Give the exact intersection point for the equations f(x)=4sin^2x+7sinx+6 and g(x)=2cos^2x-4sinx+11

Ok, my result is that there is no intersection point because if you put f(x)=g(x) and try to solve for x or the intersection point, the LS f(x) is not possible, so there is none?

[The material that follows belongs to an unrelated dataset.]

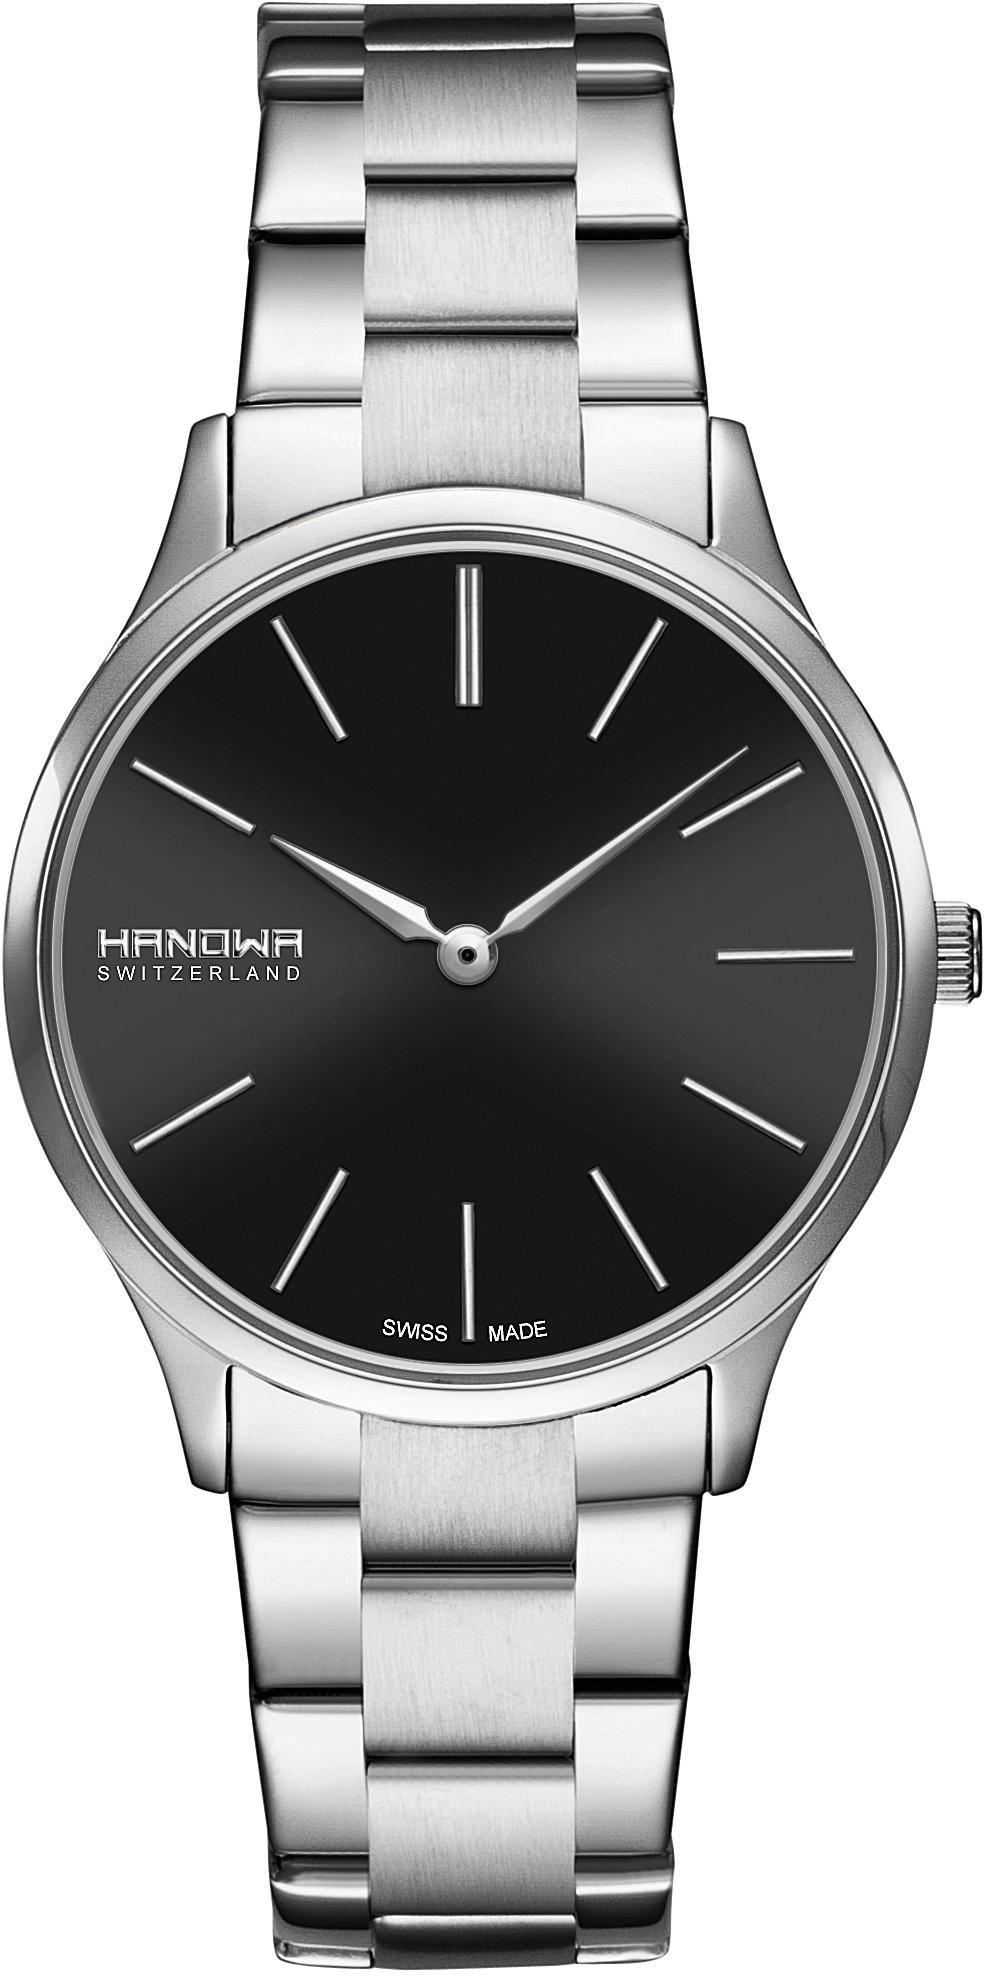 HANOWA Hanowa Schweizer Uhr »PURE, 16-7060.04.007«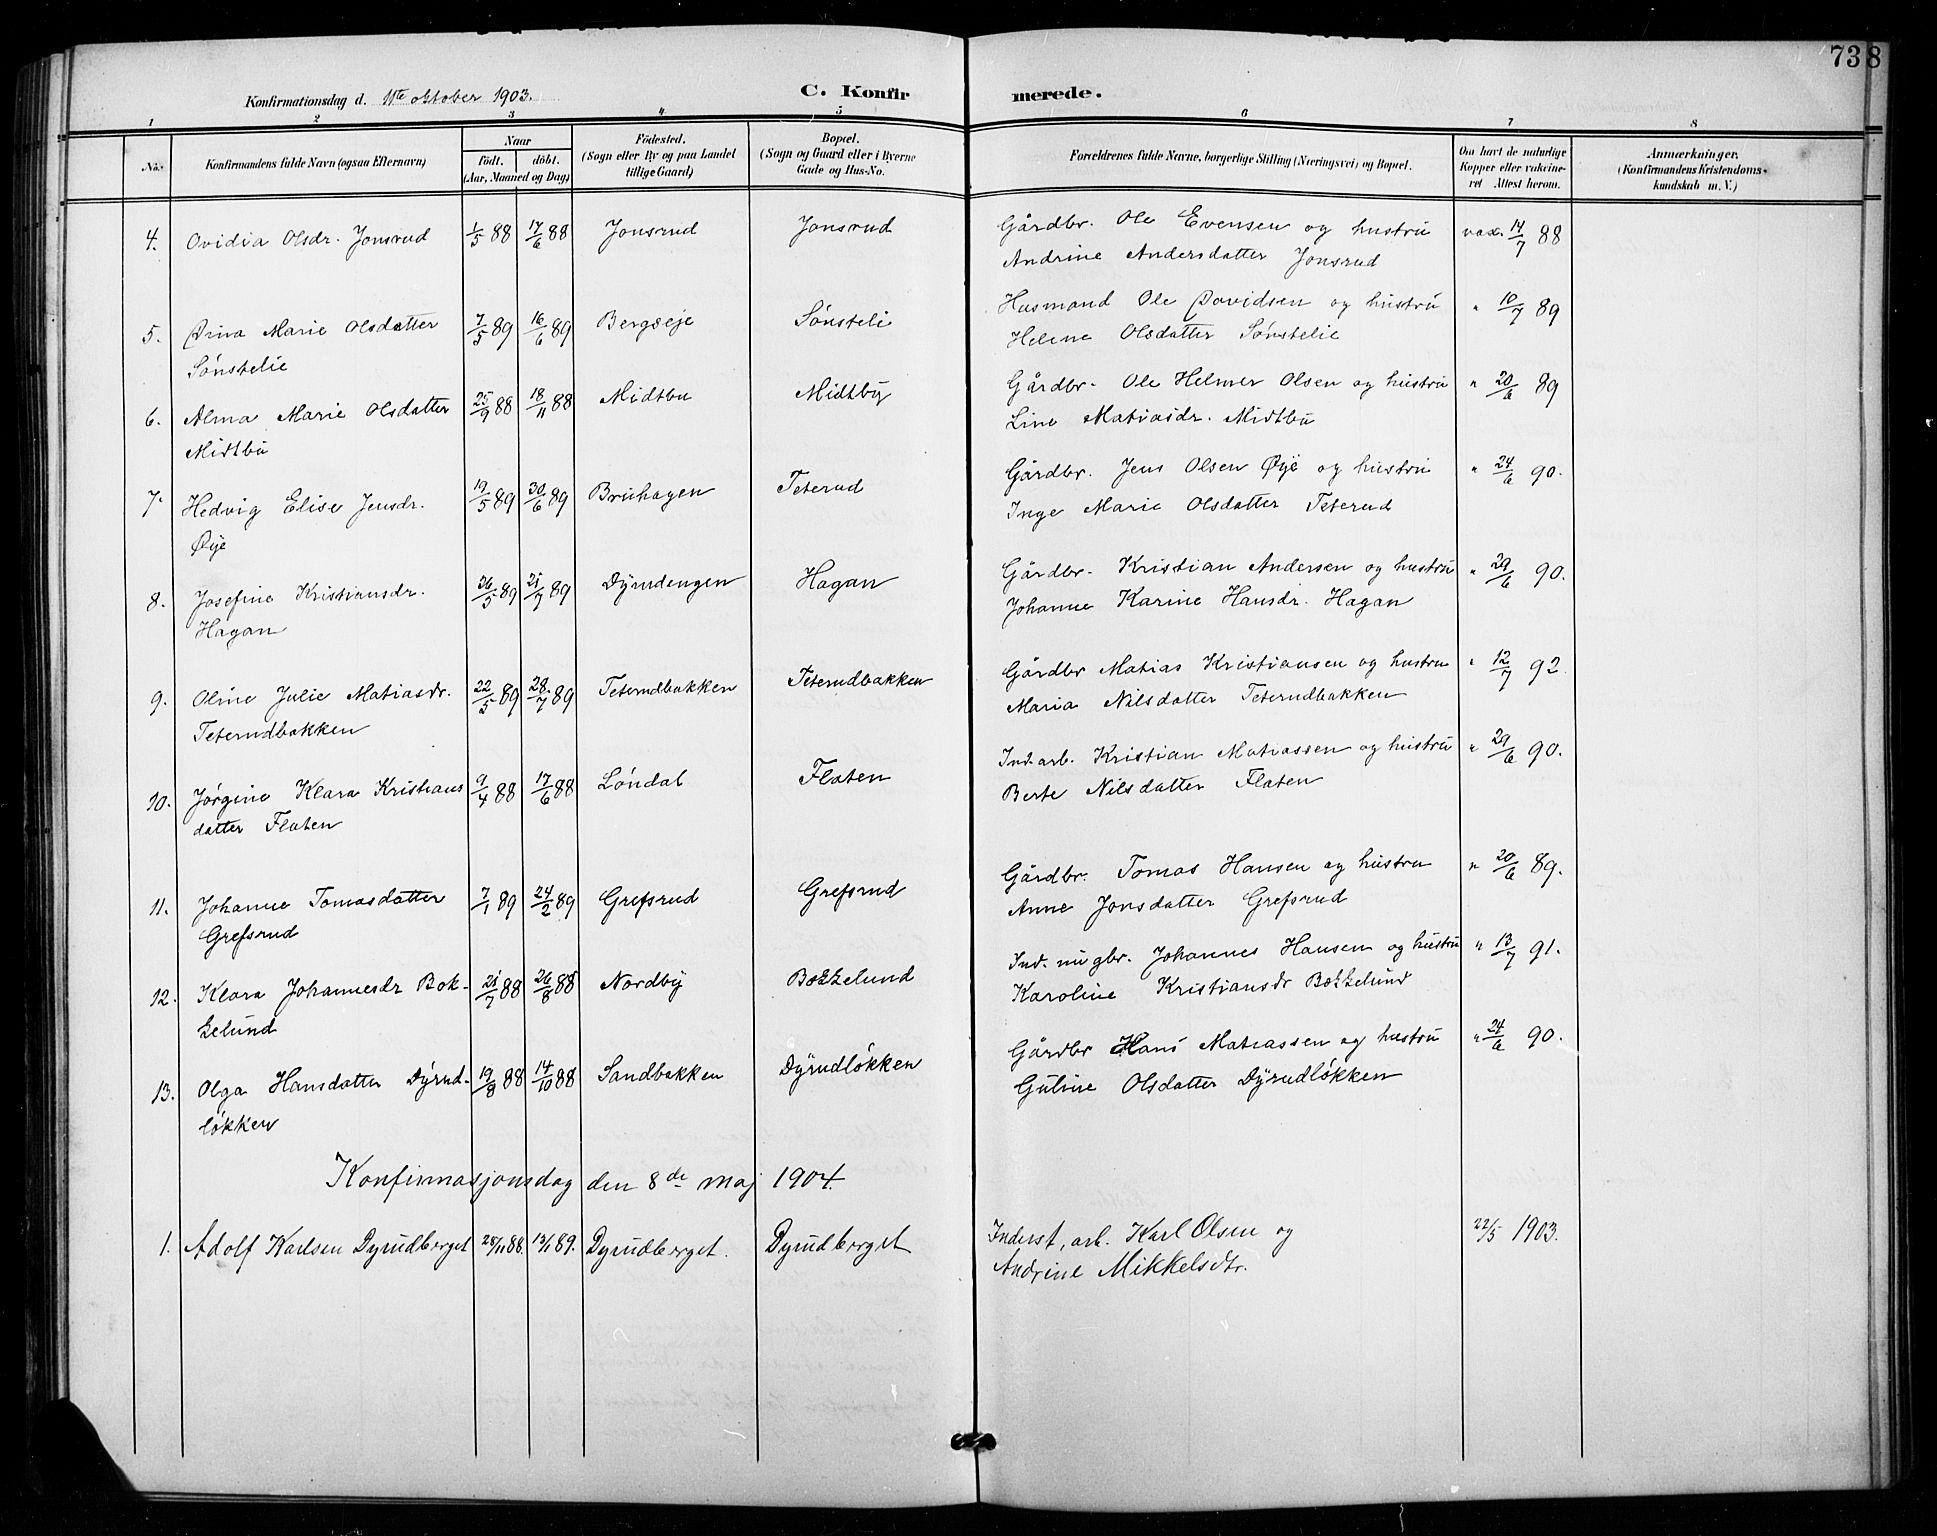 SAH, Vestre Toten prestekontor, Klokkerbok nr. 16, 1901-1915, s. 73

OK can someone just clarify for me if I have this right? Explain please thanks!

set them equal

2cos^2x-4sinx+11=4sin^2x+7sinx+6
2-2sin^2x-4sinx+11=4sin^2x+7sinx+6
-6sin^2x-11sinx+7=0
check that.
(3sinx+7)(-2sinx+1)=0
sinx=-7/3 not possible
sinx=1/2 x=330deg

check.
f(x)=4(1/4)+7(1/2)+6=10.5
g(x)=2(3/4)-4(1/2)+11=10.5

check me

To determine if two equations intersect, you need to find the values of x that make both equations equal. In this case, you are given the equations f(x) = 4sin^2x + 7sinx + 6 and g(x) = 2cos^2x - 4sinx + 11.

To find the intersection points, you need to solve the equation f(x) = g(x). However, before proceeding, it is important to note that there is a mistake in your claim that the LS (left side) f(x) is not possible. It is possible to have an intersection even if the left sides of the equations are different.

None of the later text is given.